Work to complete
From the line containing "Nine bottles of" to the end of the records below, both included, every line should be repeated exactly; pictures should be dropped.

Supplied data
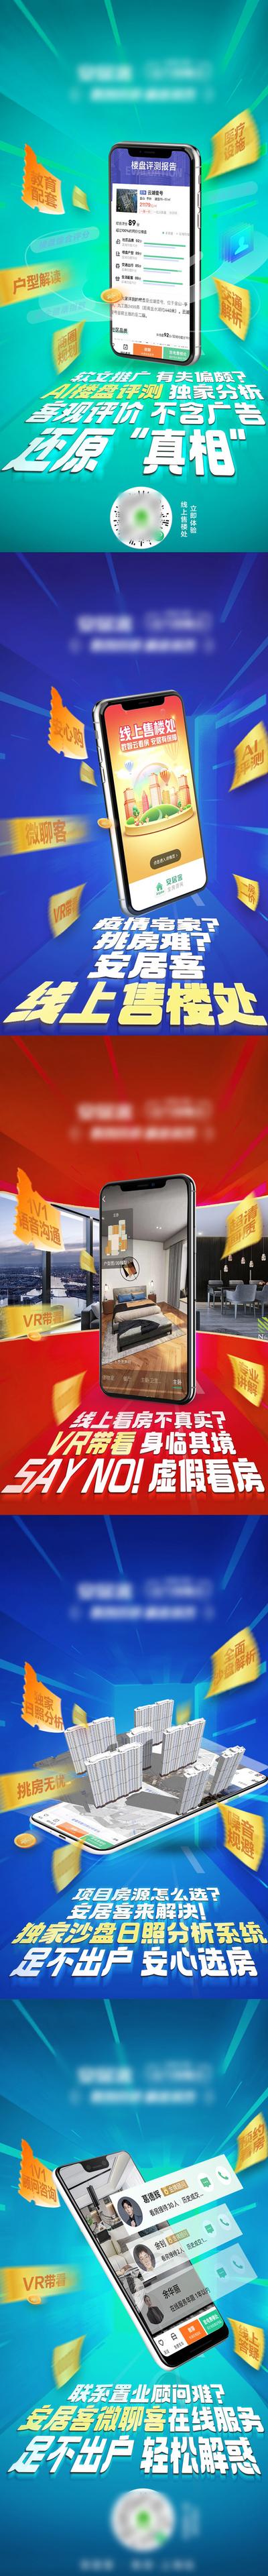 【南门网】海报 房地产 手机 VR 线上 看房 价值点 产品 功能 介绍 系列
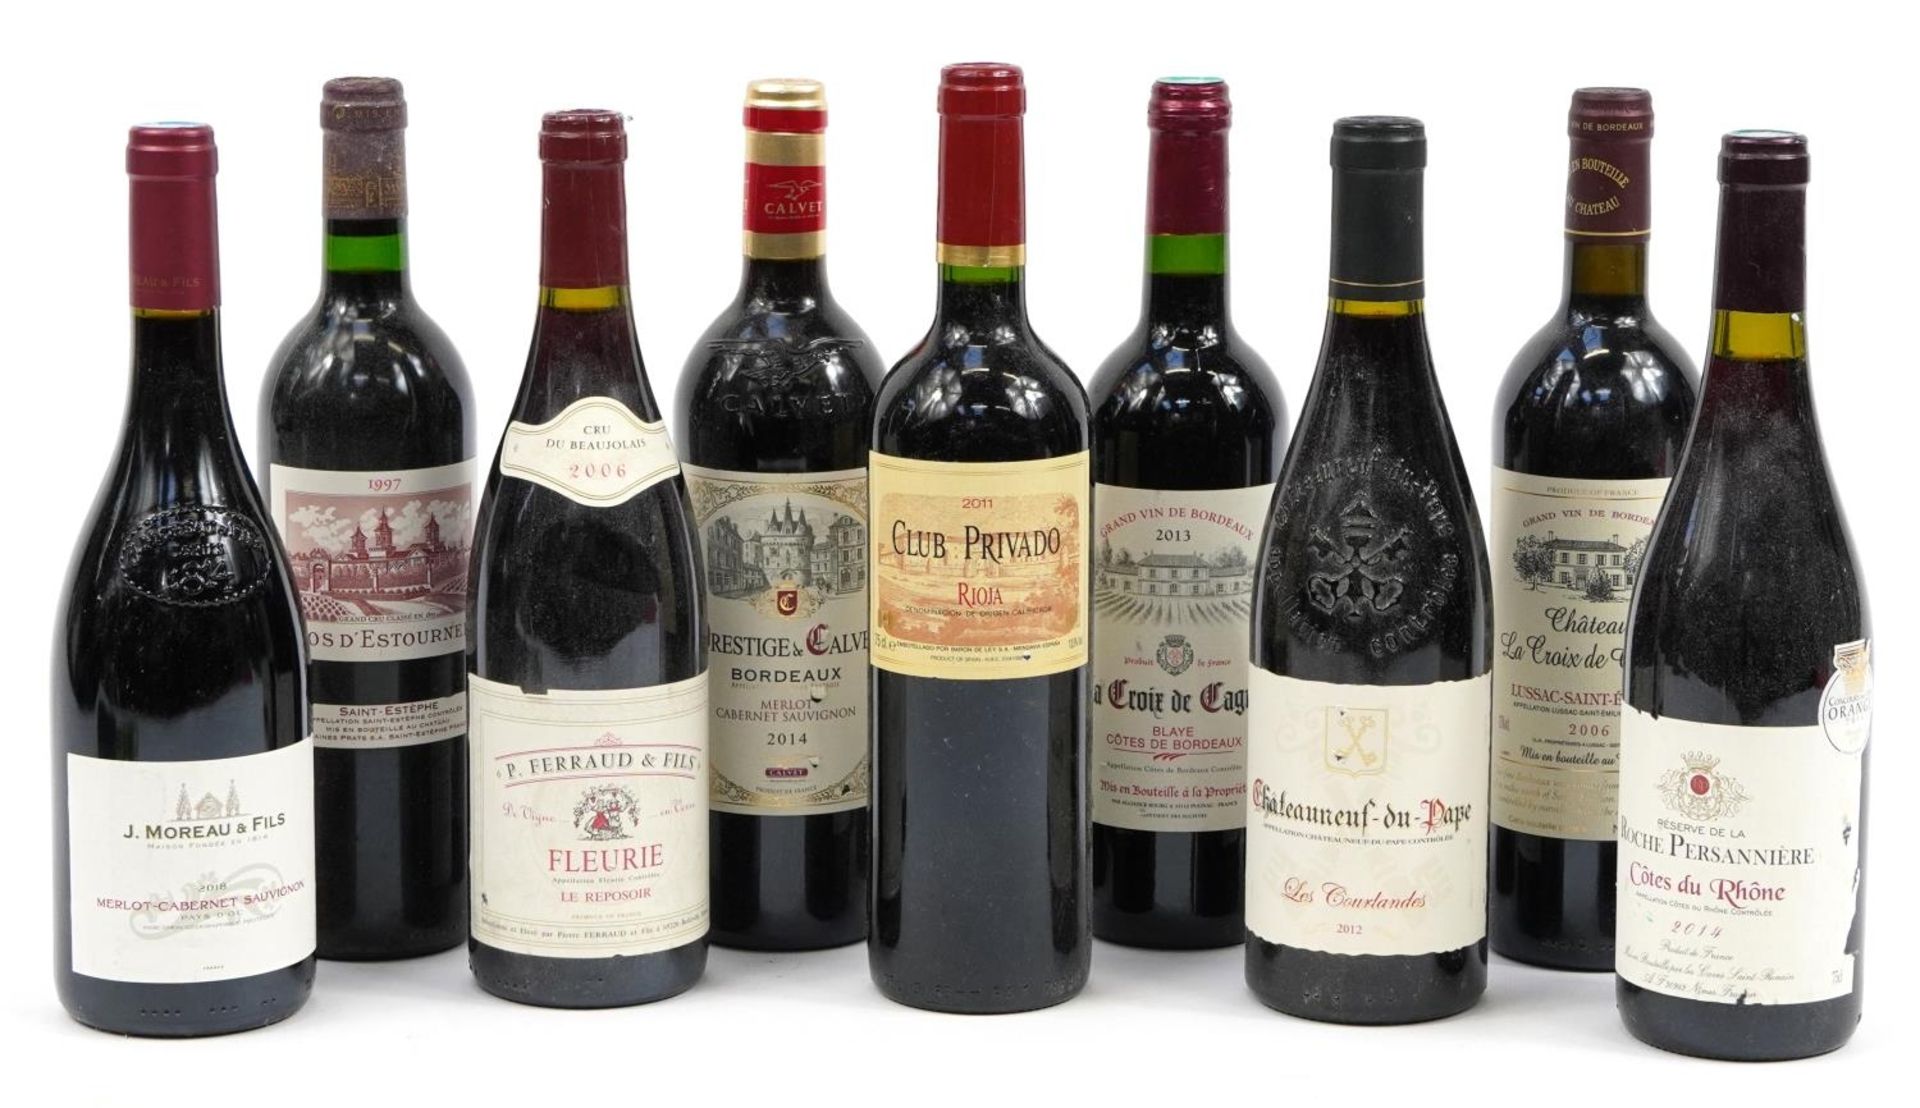 Nine bottles of red wine including Chateau Neuf du Pape, Chateau la Croix de Grezard Saint
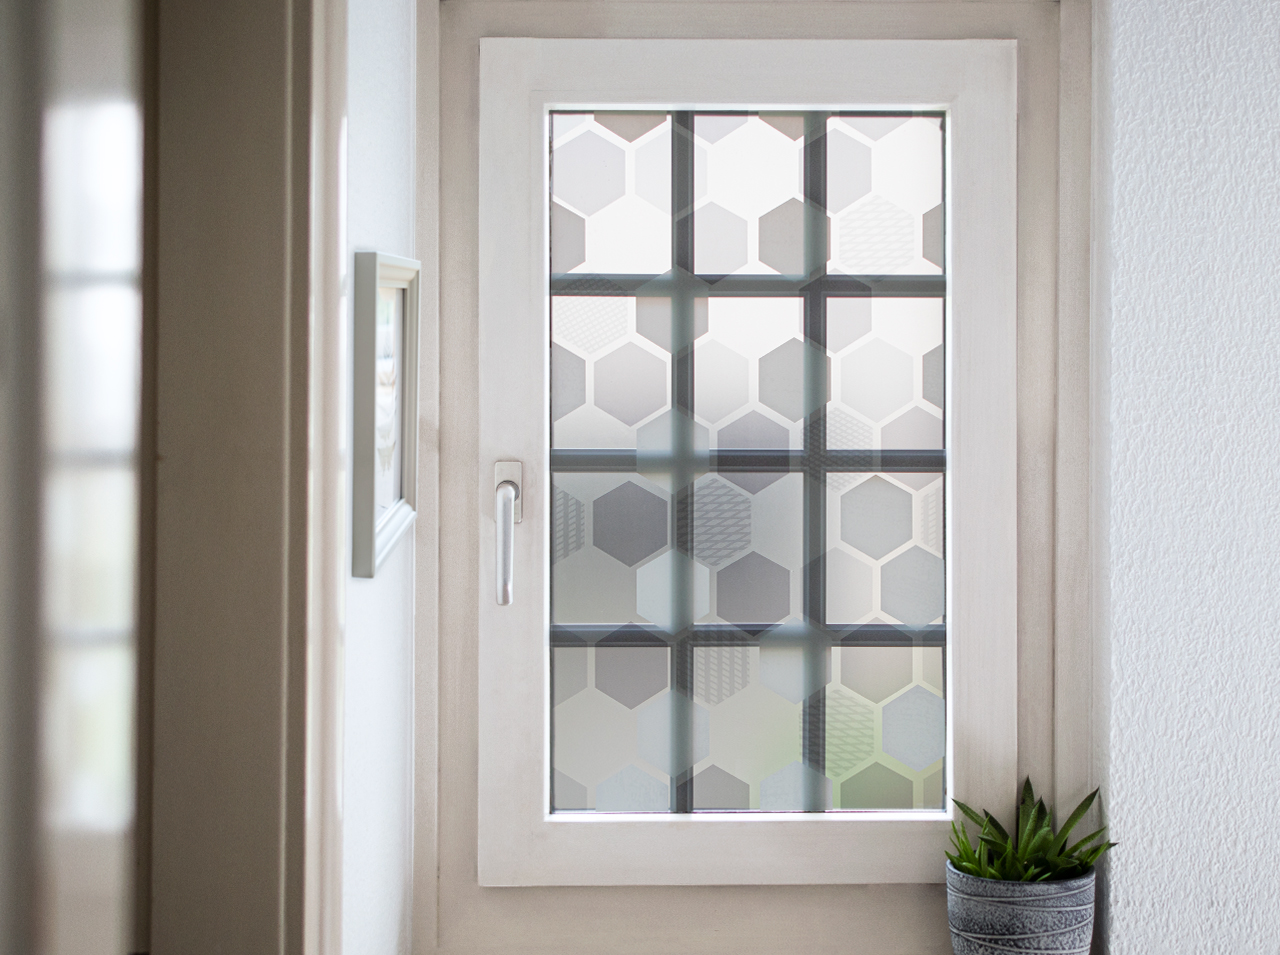 Finestra rivestita con una pellicola opaca per finestre a nido d'ape in bianco, grigio e menta.
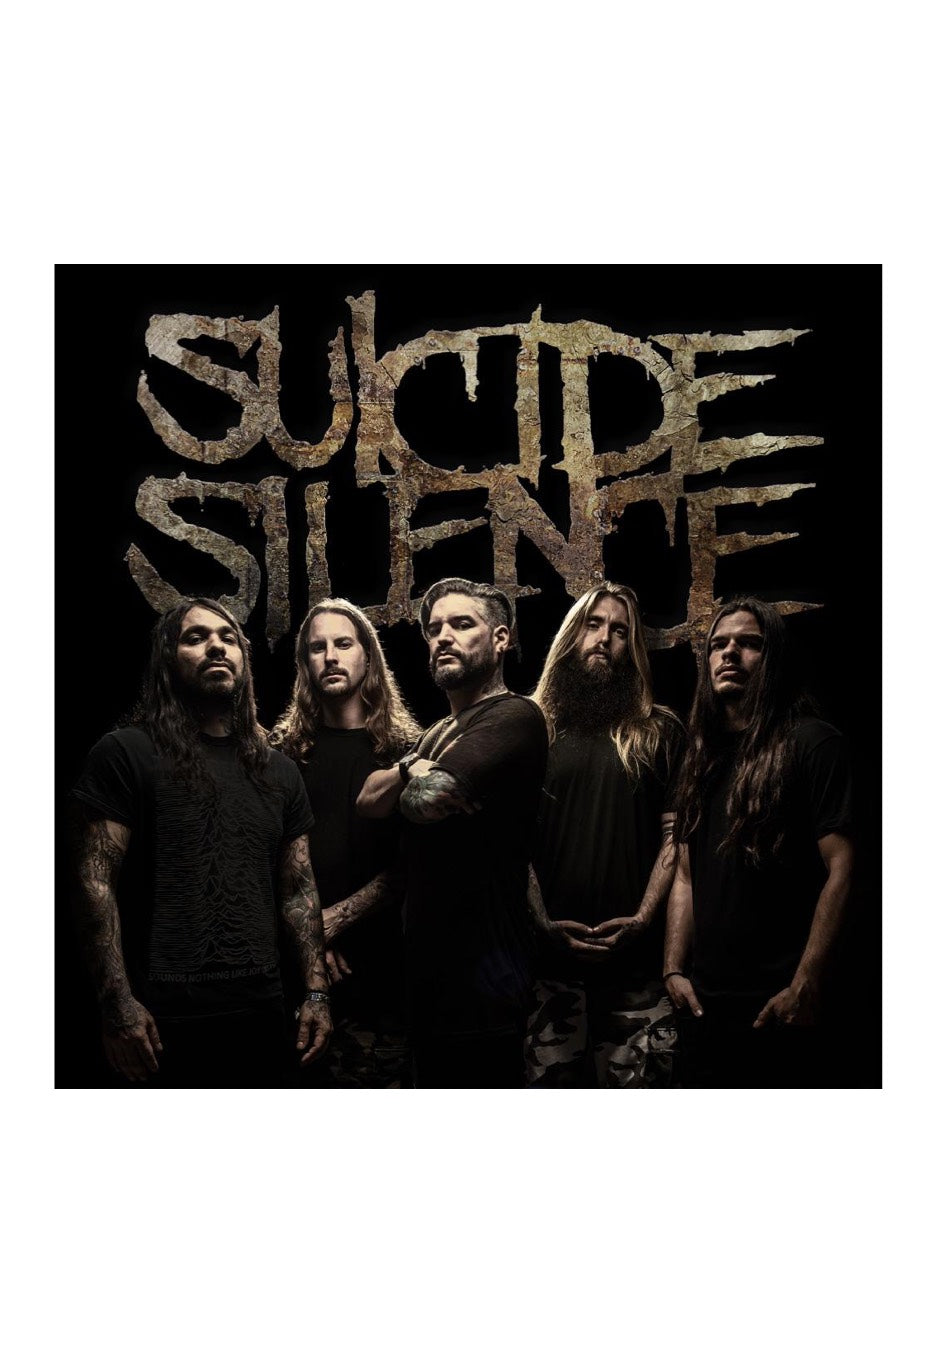 Suicide Silence - Suicide Silence - CD
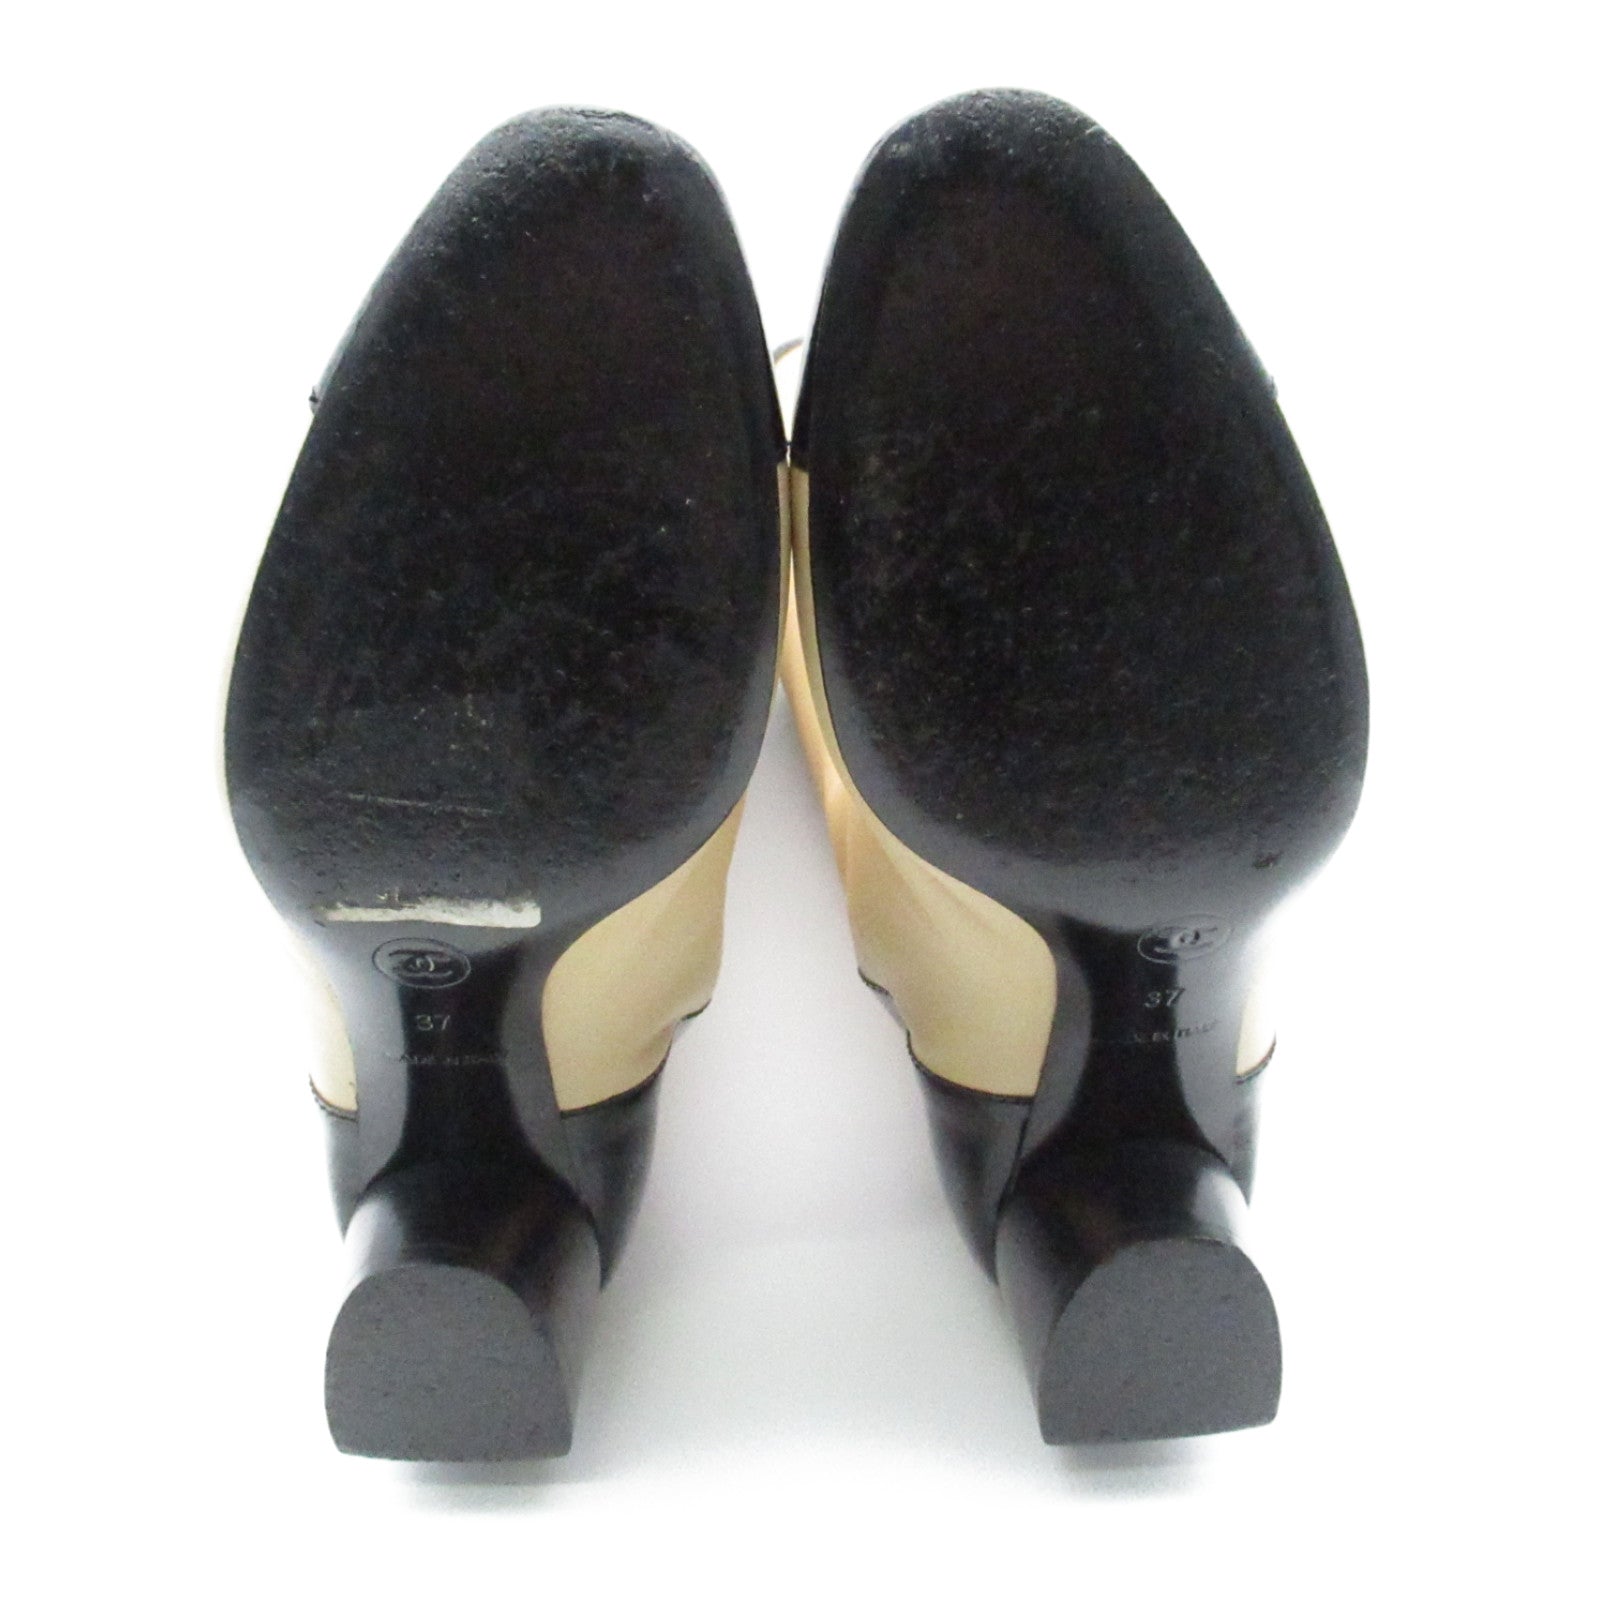 Chanel boots shoes shoes shoes, shoes, shoes, shoes, shoes, shoes, shoes, shoes, shoes, shoes, shoes, shoes, shoes, shoes, shoes

Exercise solution
 Nine bottles of red wine including Chateau Neuf du Pape, Chateau la Croix de Grezard Saint
 Finestra rivestita con una pellicola opaca per finestre a nido d'ape in bianco, grigio e menta.
 Suicide Silence - Suicide Silence - CD
 Chanel boots shoes shoes shoes, shoes, shoes, shoes, shoes, shoes, shoes, shoes, shoes, shoes, shoes, shoes, shoes, shoes, shoes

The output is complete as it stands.